“Public Provisions” Pitfalls
By Christina Martin
Nobody likes physical pain, but often it gives us a signal that we need to change our behavior before we incur serious injury. In the sphere of social policy, government entitlements designed to avoid short-term pain too often work against natural and healthy incentives that help individuals to avoid longer-term pain. Many people will endure smaller temporary pains, work harder, save more, eat healthier and build a social network in order to avoid larger future pains like hunger or homelessness. This is not a new observation and has been commented on for thousands of years.
Our nation’s founders were well aware of the importance of incentives. In 1766 Benjamin Franklin declared in a letter to the London Chronicle that England’s poor were the most miserable in the world because England’s welfare programs had destroyed essential incentives, making people dependent on the government. He concluded after his world travels that “the more public provisions were made for the poor, the less they provided for themselves, and of course became poorer,” but “the less [that] was done for them, the more they did for themselves, and became richer.”
Franklin observed that there was “no country in the world where so many provisions are established for them” as in England, including hospitals for the poor, almshouses for the elderly, and generous government support. Of England’s government welfare he said:
- The day you passed that act, you took away from before their eyes the greatest of all inducements to industry, frugality, and sobriety, by giving them a dependence on somewhat else than a careful accumulation during youth and health, for support in age or sickness.
- In short, you offered a premium for the encouragement of idleness, and you should not now wonder, that it has had its effect in the increase of poverty. Repeal that law, and you will soon see a change in their manners.
While these words may seem harsh, Franklin was a well-known philanthropist who exhorted his peers to help the needy personally and voluntarily. He appreciated the difference between supporting and enabling.
In early America, most poverty relief was delivered voluntarily through relationships. This not only encouraged gratitude, strong relationships and a strong community; but it also allowed those who gave aid to require recipients to take genuine steps toward employment and responsible behavior, when appropriate. Givers could tailor their aid to the needs and best interest of the individuals they sought to help, giving more to the neediest, and less to others.
Private charities still thrive today. However, their efforts are often undermined by government programs that create perverse incentives to work less, spend more and not plan for the future.
Government-sponsored attempts to alleviate poverty are funded by taxes and dictated by regulations. Regulations, by their nature, draw arbitrary lines and apply equally to all citizens. Accordingly, when government creates social safety nets, it creates entitlements, something to which citizens have a right if they fit certain legal criteria.
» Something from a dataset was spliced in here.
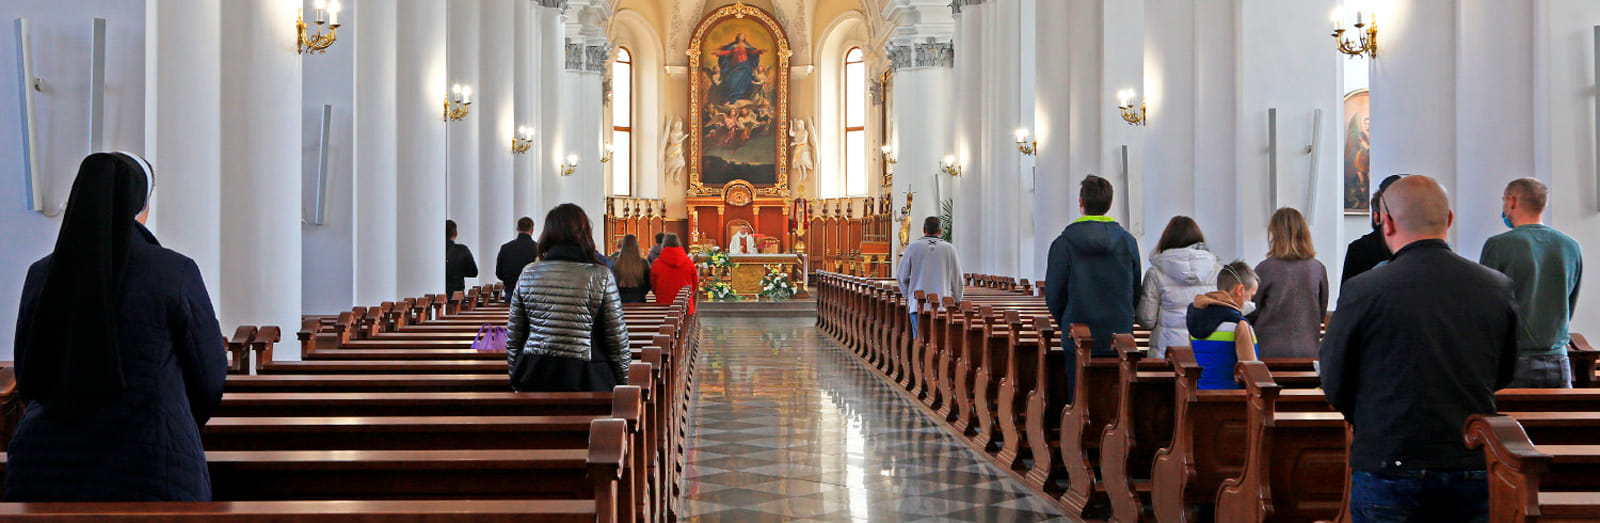 Как римо-католики пасхи святили: репортаж из киевского костела

Regulations, not relationships, determine how these programs are administered. If people have a legal right to something, they rarely will feel gratitude for it. If it is denied, they will feel cheated, regardless of whether or not they deserved it in the first place.
Nowhere is the failure of government entitlements more evident than in the failed War on Poverty. Since the 1960s, government spending on poverty relief has risen precipitously even after adjusting for inflation, yet it has had little or no impact on the poverty rate.1 The only significant progress in reducing poverty, especially child poverty, came from the welfare reforms of the mid-1990s, which required more welfare recipients to work or to train for work. Commenting on these reforms, Ron Haskins, a scholar for the Brookings Institute, agrees that using “carrots and sticks” is the most effective way to get individuals out of poverty.2 Yet, even if the government would build further upon such reforms, it could not substitute for charity, nor could it escape trampling on individual liberty.
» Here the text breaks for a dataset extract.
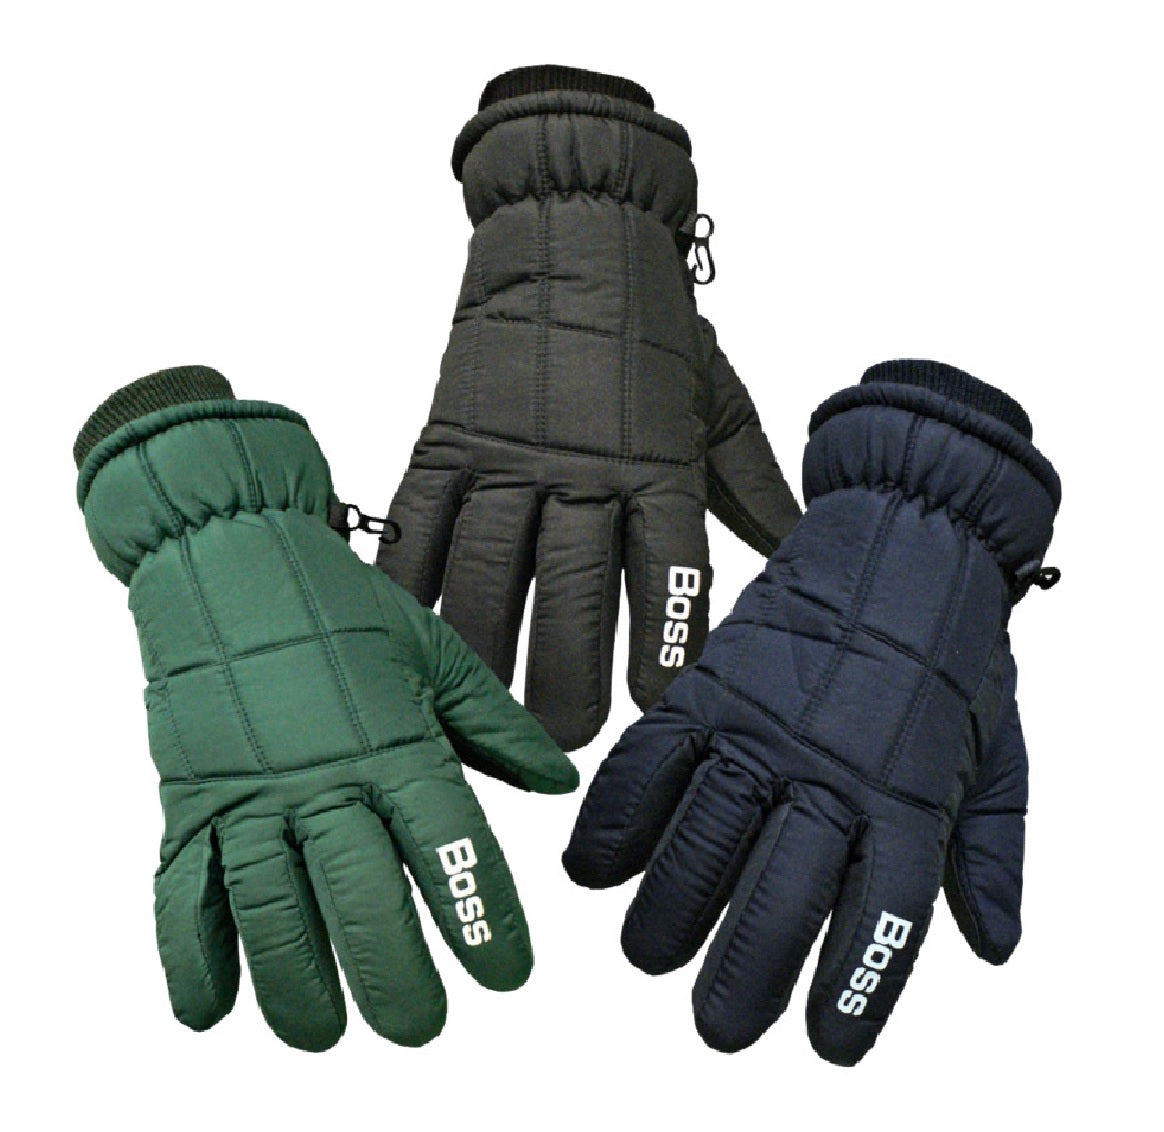 Boss 4232BM Insulated Skin Gloves, Black, Medium

Government programs always involve coercion, because that is the only tool in the government’s toolbox. When your neighbor gets welfare, you are forced to work on his behalf. There is no compassion involved in robbing Peter to pay Paul. In contrast, private charity violates no one’s rights and allows people to express their compassion in the manner and the amount they wish. A shift to a system that relies more on private charity and philanthropy not only would restore liberty and property rights, it also would restore the important natural incentives that motivate people to work hard and to live responsibly.
Christina Martin is Director of the Asset Ownership Project at Cascade Policy Institute, Oregon’s free market public policy research organization.